もう十年以上も前のことだ。大好きだった先生の前から姿を消さざるを得なかった。童顔を気にして普段は眼鏡をかけていた野上先生。その眼鏡を外して、キスをした。あの感触を今でも忘れられない。唇だけじゃない。何もかも忘れていない。僕の名前を呼ぶ声も。――出席番号一番、青山蓮。
「緋山 さん。本当に申し訳ありません」
そう、もう僕は青山じゃない。母親が再婚して、姓も変わった。この人は僕を「青山」とは呼ばない。
「いえ。……あの、ところで、食事は」
「もちろん、キャンセル代はこちらが負担します」
「それはいいんですけど、もったいないので、もしよかったらご一緒しませんか」
蓮の申し出に男は面食らっている。当然だろう。
「ええと……実を言うと、僕のほうもお断りするつもりでいたんです。もちろん、妹さんがどうこうというのではありません。僕も、その」
「恋人がいらっしゃる?」
「……ではないんですけど」
「忘れられない人が?」
蓮は頷いた。
「ああ、それはまた二重に申し訳なかったですね。妹だけでなくあなたの気持ちまでないがしろにして……まったく俺ときたら、全然ダメだ」
男はふいに言葉を崩し、困ったように笑った。それがまた野上が自分の告白に当惑していた表情を思い出させた。

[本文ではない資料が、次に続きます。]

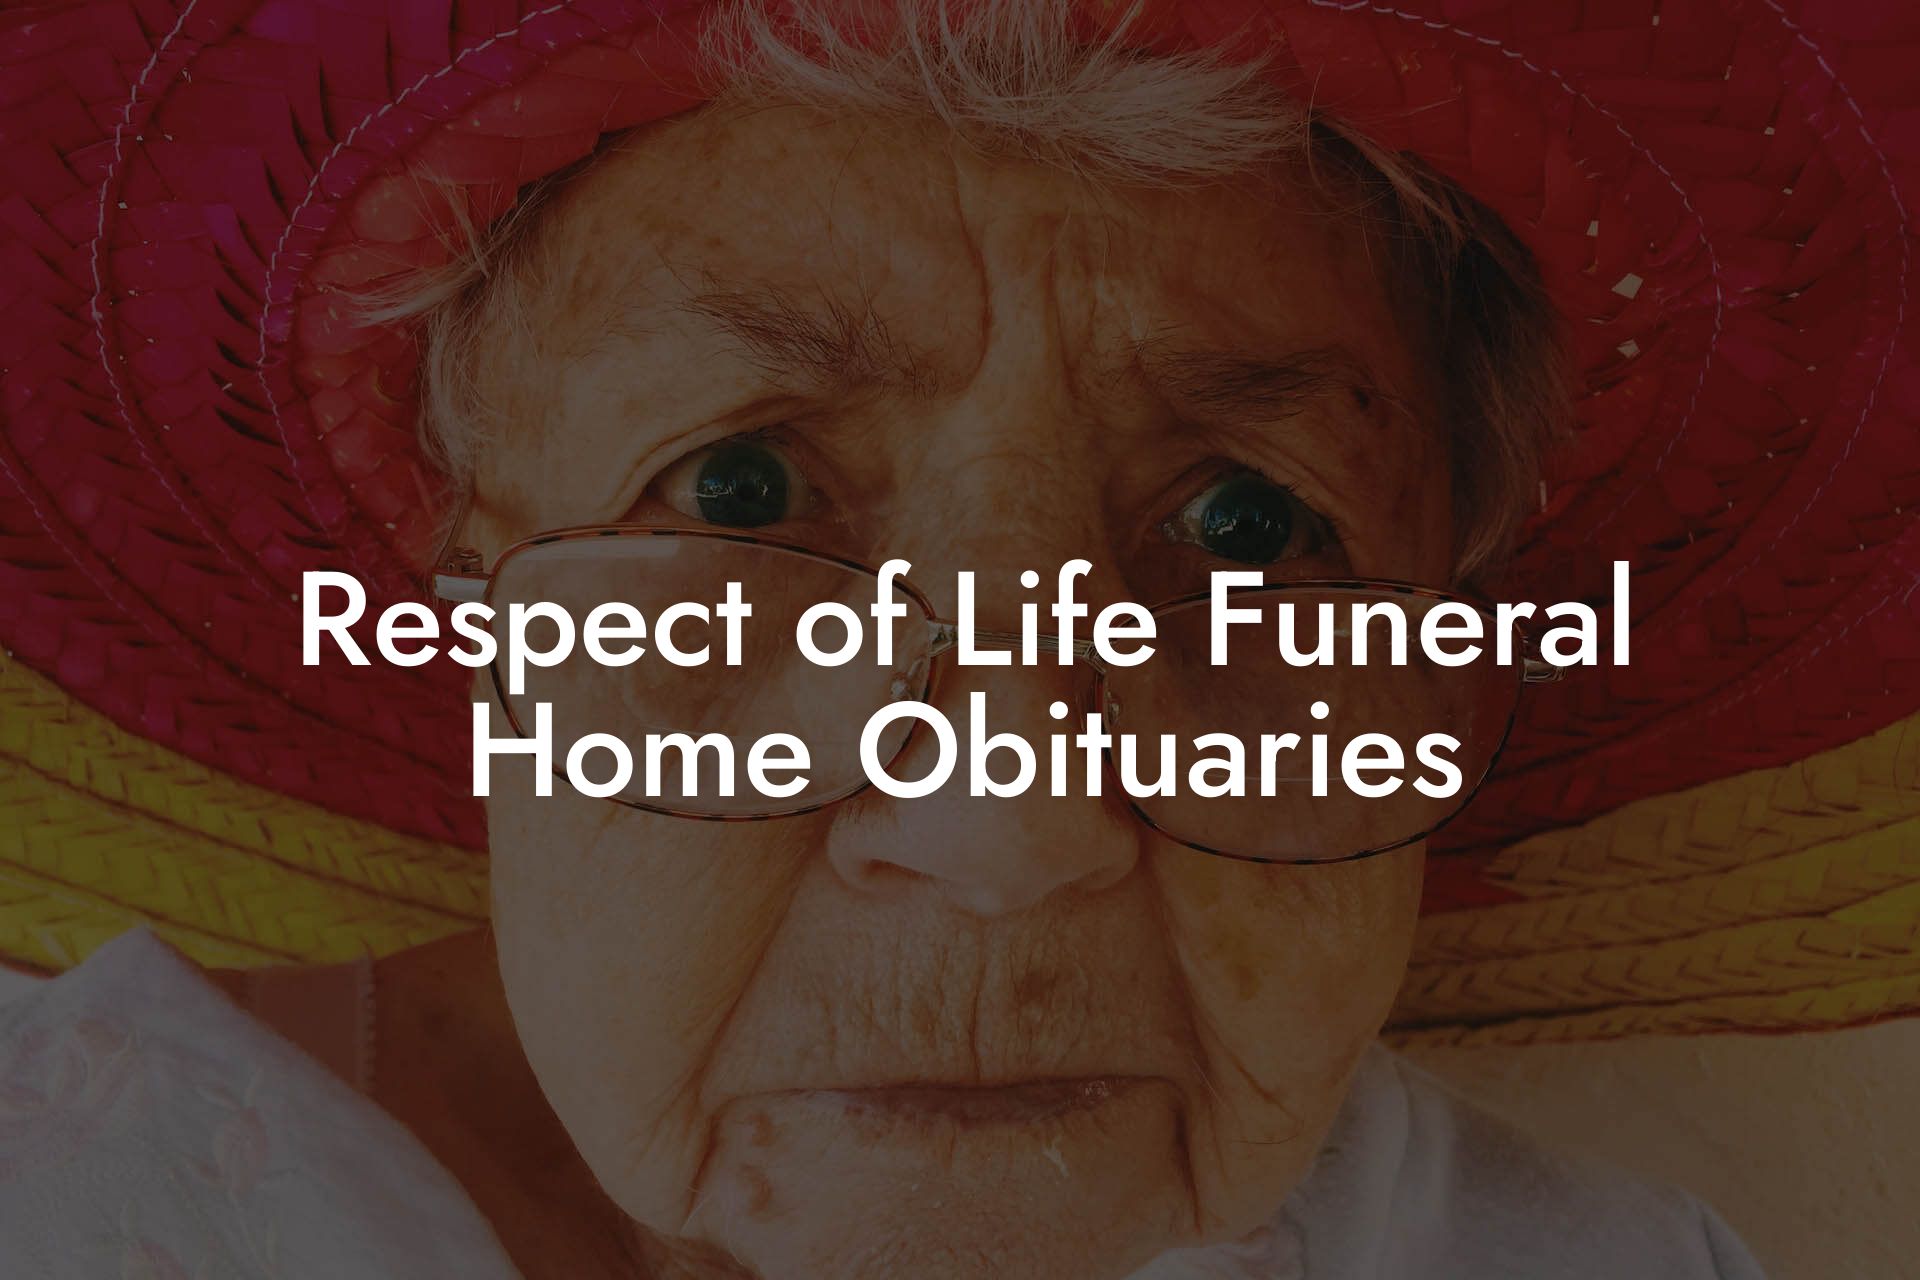 Respect of Life Funeral Home Obituaries

「大丈夫です。結果的には、誰も傷ついてないんですから」
傷ついたのは、あの日の、野上先生だけだ。そして、傷つけたのは僕。
「そう言っていただけると、少し、気が楽になります」
「じゃあ、この後もつきあっていただけますよね?」
蓮が再度誘うと、男は「はい」と微笑んだ。
オーナーが選んだにしては気の利いたレストランだった。半個室の落ち着いた席で、のんびりとフルコースを楽しんだ。忘れられない人がいる。誰にも言ったことのない秘密を明かしてしまうと、蓮も饒舌になった。

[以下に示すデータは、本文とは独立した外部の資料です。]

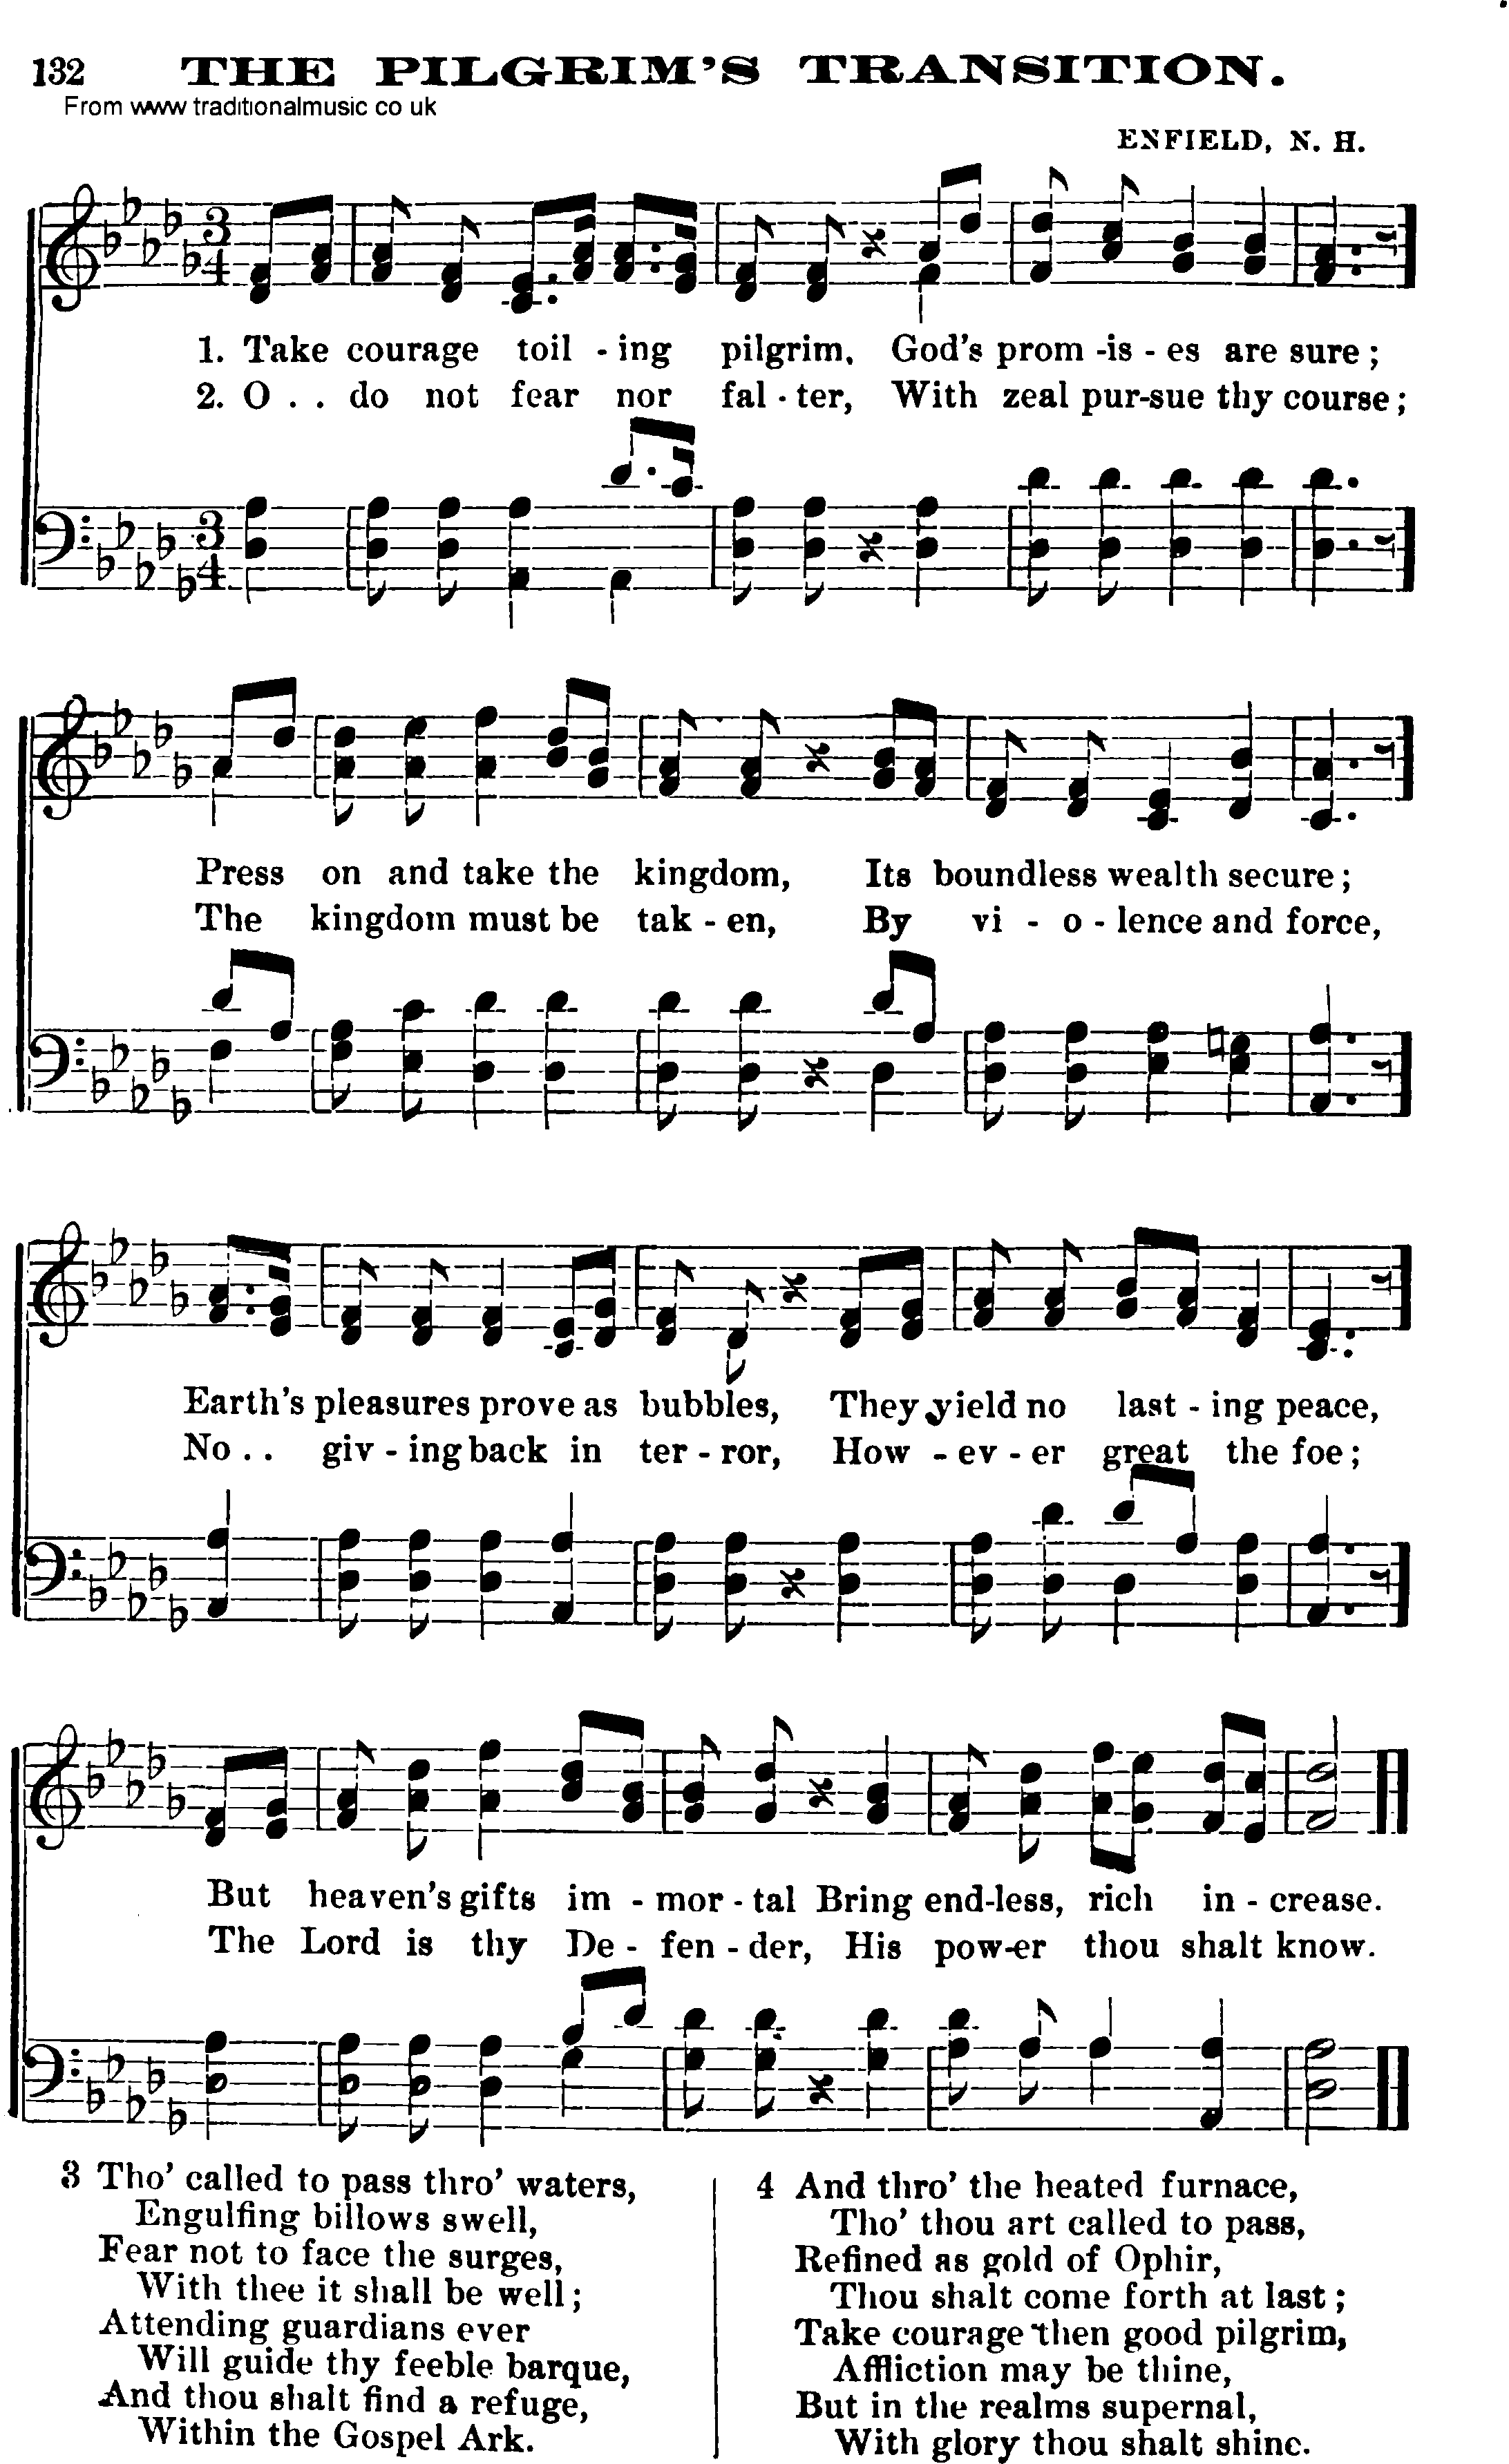 Shaker Music collection, Hymn: Th Pilgrims Transition, sheetmusic and PDF

「でも、妹さんより先に自分が、とは思わないんですか? 独身なんでしょう?」
得意先の社長に対する言葉としては行き過ぎた話題のはずだったが、口が滑った。しまった、と思ったのは、それまで温和な微笑みを絶やさなかった男の顔が暗く陰った瞬間だ。
「すみません、失礼なことを言いました」
「……当然の疑問ですよ」男はナプキンで口の周りのソースを拭った。「実は私、同性愛者で」
「えっ」
「今はその相手もいませんが、まあ、とにかく、後継者という意味では、お役目を果たせそうにない。そういう事情です」
淡々と語る男に、今度は蓮のほうが面食らった。
「同族会社ゆえの問題ですね。私の代でそんなルールをひっくり返してやろうという度量もなくて。情けない話です」
いや、淡々と、ではないのだ。蓮は思う。この人はたぶん、ずっとその重圧に耐えてきた。たった一人で。――かつて突然クラス担任を任されて、孤軍奮闘していた野上先生みたいに。
「分かりますよ」
「そんなわけ……」
「僕もそうなので」
男の目が見開いた。
「今のを聞いて、やっと分かりました。なんで僕なんかを気に入って下さったんだろうって不思議だったんです。僕も同じだから、何か、通じるものがあったのかもしれませんね」
目と目が合った。
こうしてよくよく見ると、男は野上より派手な顔立ちをしていた。背は野上より高い。声は低い。パーツのひとつひとつは全然違うと言っていい。それでもどこか、野上に似ている。今では野上も三十代半ばになっているはずだ。目の前の彼も同じぐらいだろう。中堅教師として少しは出世しているだろうか。でも、こんな仕立てのいいスーツは着ていないだろう。
「忘れられない人がいると」
「はい。でも、そろそろ忘れたい、かな」
これは誘っているのだろうか。誘われたいと思っているのだろうか。自分の感情をうまく整理できないままに、男に手を握られた。その温かさも野上に似ていた。もっとも人肌の温度など、誰だってそう変わらないだろう。
――そうだ。誰だって変わらない。野上先生じゃないなら、誰だって変わりゃしないんだ。
蓮はこの日、男ともう一度会う約束をした。今度は、二人の、デートとして。